Pero a pesar de que la discusión sobre la propiedad de un perro estaba en su hilo, es importante tener una discusión. Estoy comenzando este hilo para darle a la gente un lugar para desahogarse o ponerse a la defensiva.

Tengo perros, soy hija de un entrenador de perros y amo a los perros. Tengo dos grandes mestizos (Labrador – Newfi Cross) por los que me gustaría dar la vida. Obtuve a mis perros cuando eran pequeños cachorros y pasé horas y horas con ellos, entrenándolos para que hicieran las tareas habituales de obediencia como sentarse, quedarse quieto, venir, “déjalo” y aprender sus nombres. No espero de ellos más que una completa obediencia, por excitante que sea la tentación, y confío en ellos en casa. Me contrataron hace varios meses para que no salieran en ambientes difíciles. Ahora estoy superando el examen médico, y comenzarán a entrenar para resocializar tan pronto como el clima sea adecuado durante más de un día ocasional a la vez. Mientras tanto, están bajo el management positivo de mí o de mi esposa cuando están fuera. Eso significa una correa lo suficientemente fuerte como para controlar un animal de 60 libras y un 110 % de interés tanto en los perros como en su entorno.
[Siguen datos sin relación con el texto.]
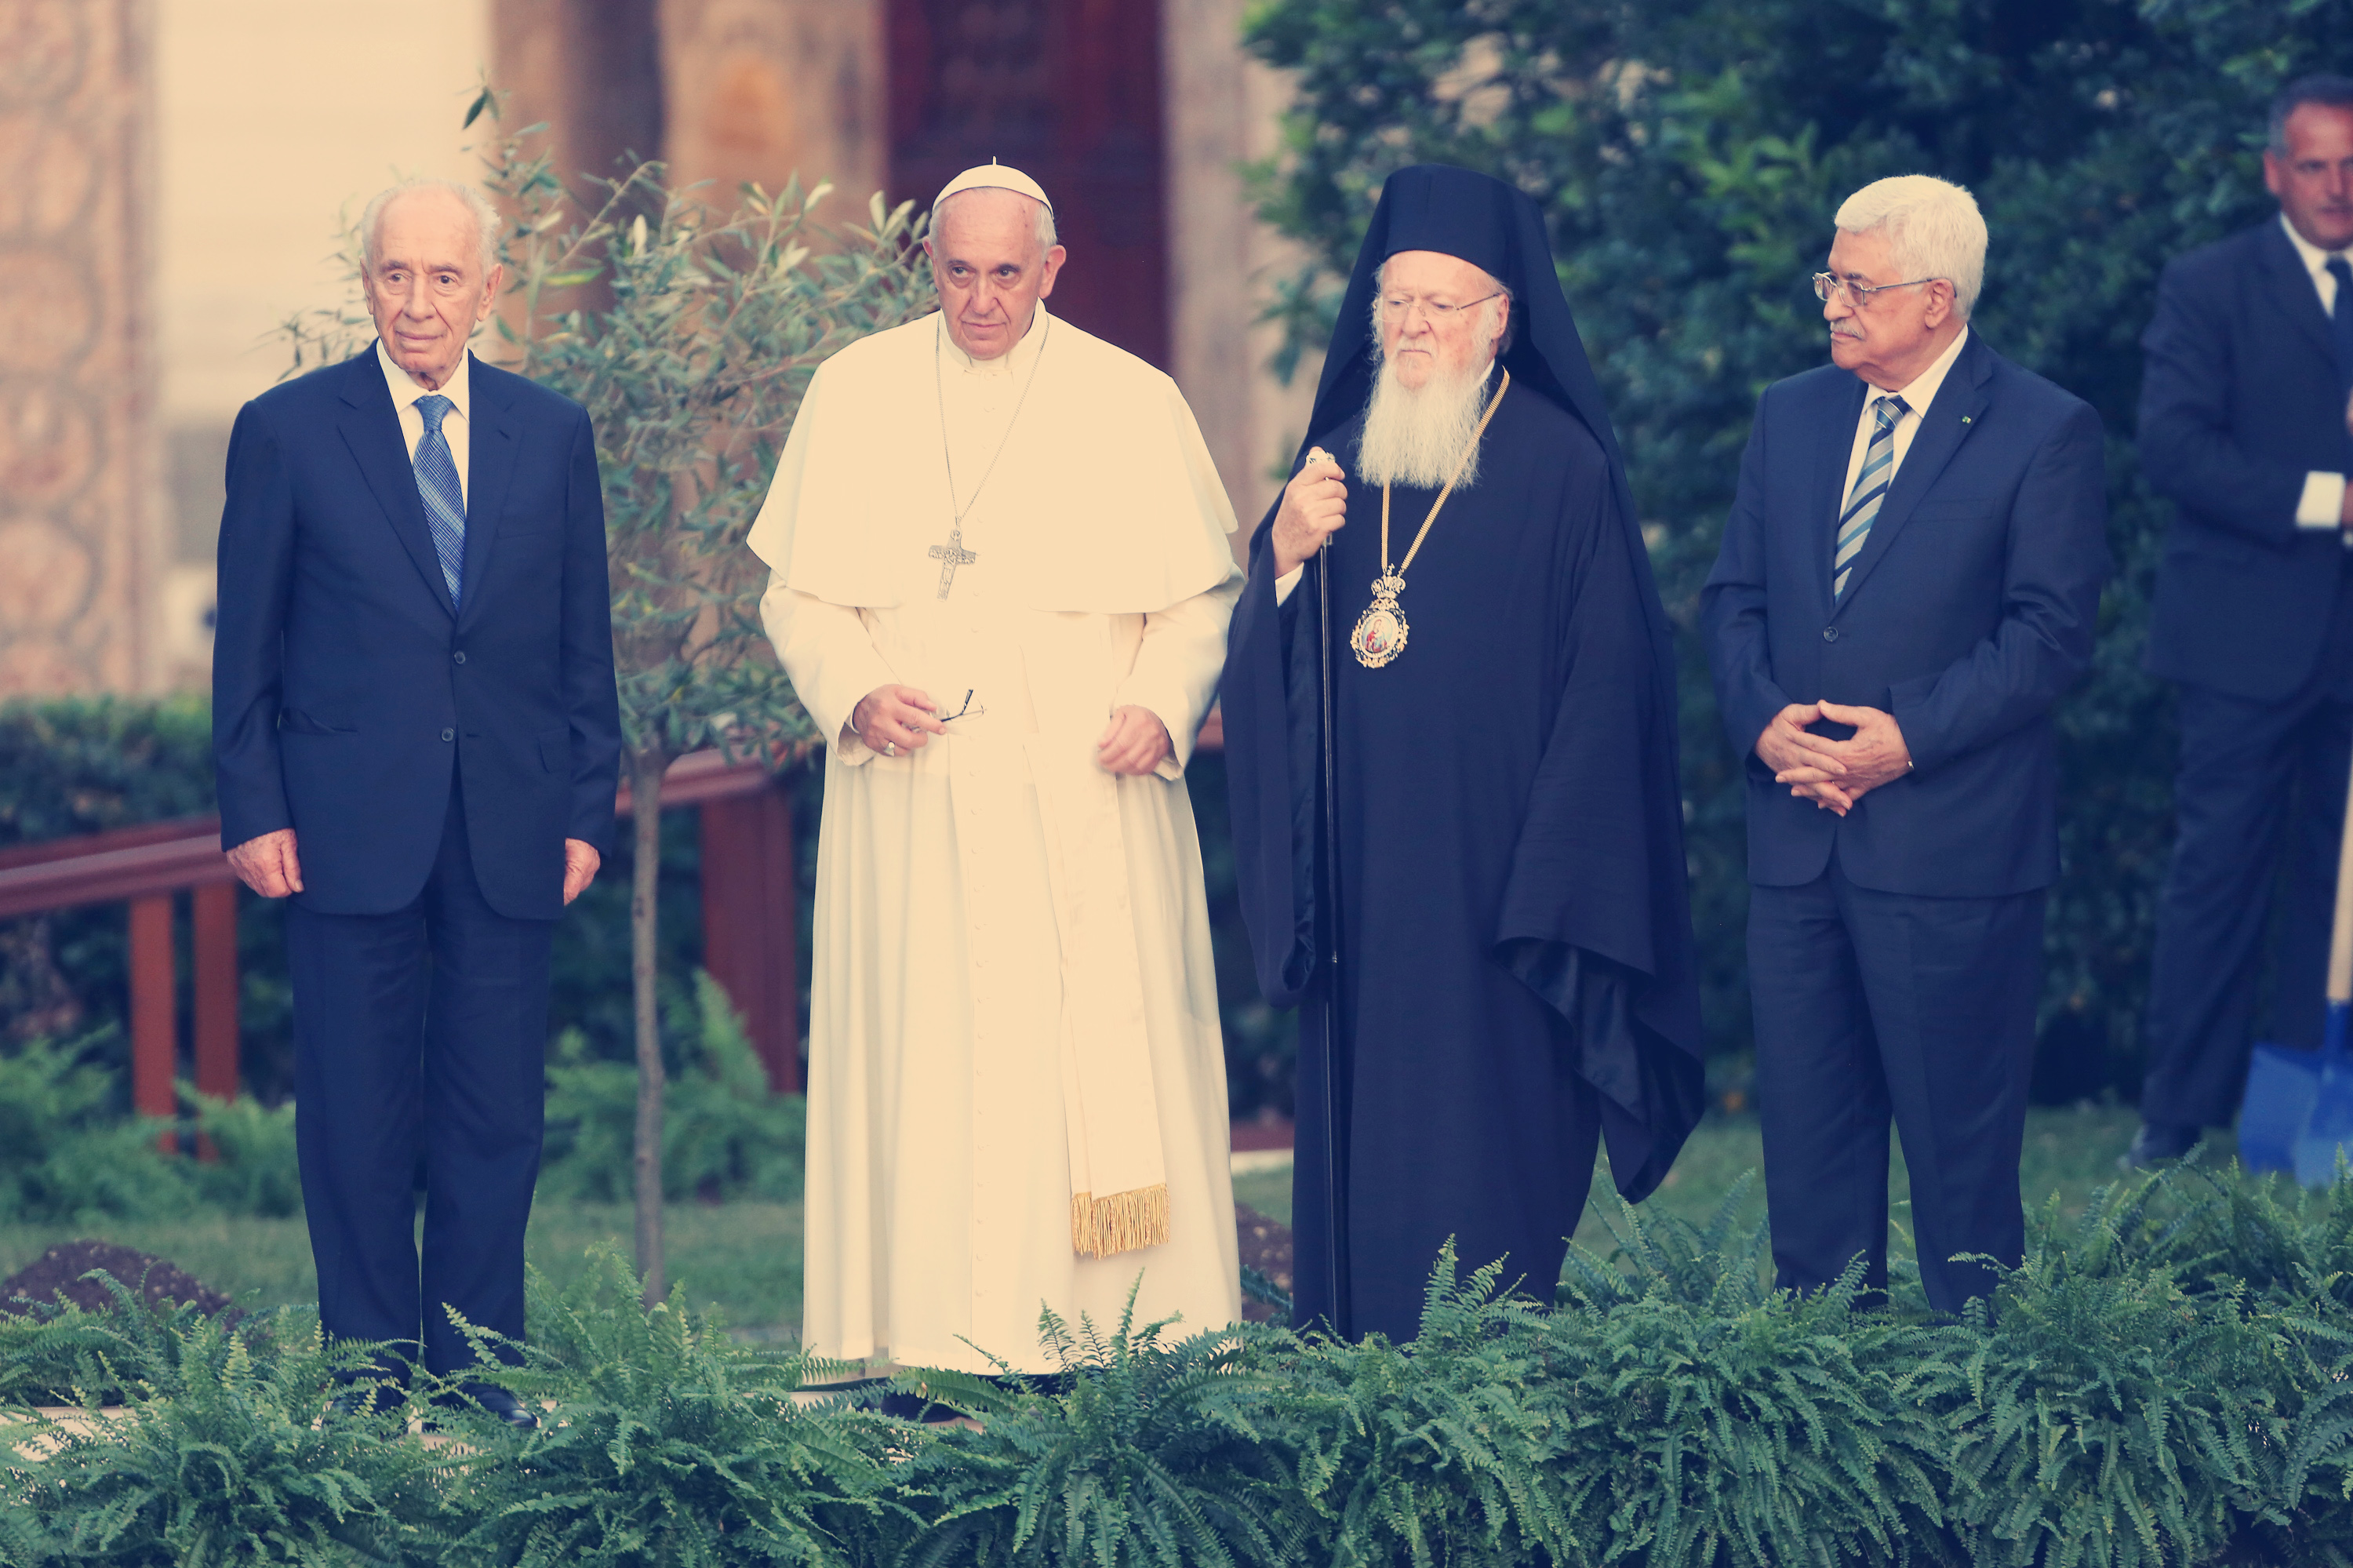 Pope Francis Meets Israeli President Shimon Peres, Palestinian President Mahmoud Abbas And Patriarch Bartholomaios I To Pray For Peace

Mencioné que mi papá period entrenador de perros. Esta period su segunda carrera, y period realmente bueno en eso. Me presionó a mí y a mis hermanos para que si vas a tener un perro, tienes que ser el alfa de la manada. Cuando tratas con un perro, ya sea un chihuahua o un danés, asumes toda la responsabilidad por el bienestar, la vida, el comportamiento y el bienestar de ese animal. Me hice cargo de una criatura con la habilidad lógica de un niño de al menos dos o tres años pero con la fuerza de un hombre adulto, que poseía una boca llena de dagas afiladas que fácilmente podían perforar la piel. Tu trabajo como dueño es asegurarte de que el perro te respete, que tenga suficiente confianza en su entorno para que no reaccione con miedo y que, sobre todo, pueda contar contigo para protegerlo de lo que él ve como amenazas. , lo sean o no. Si no estás listo para hacer eso, no tengas un perro. No es justo para ti, el perro o las personas y criaturas que te rodean.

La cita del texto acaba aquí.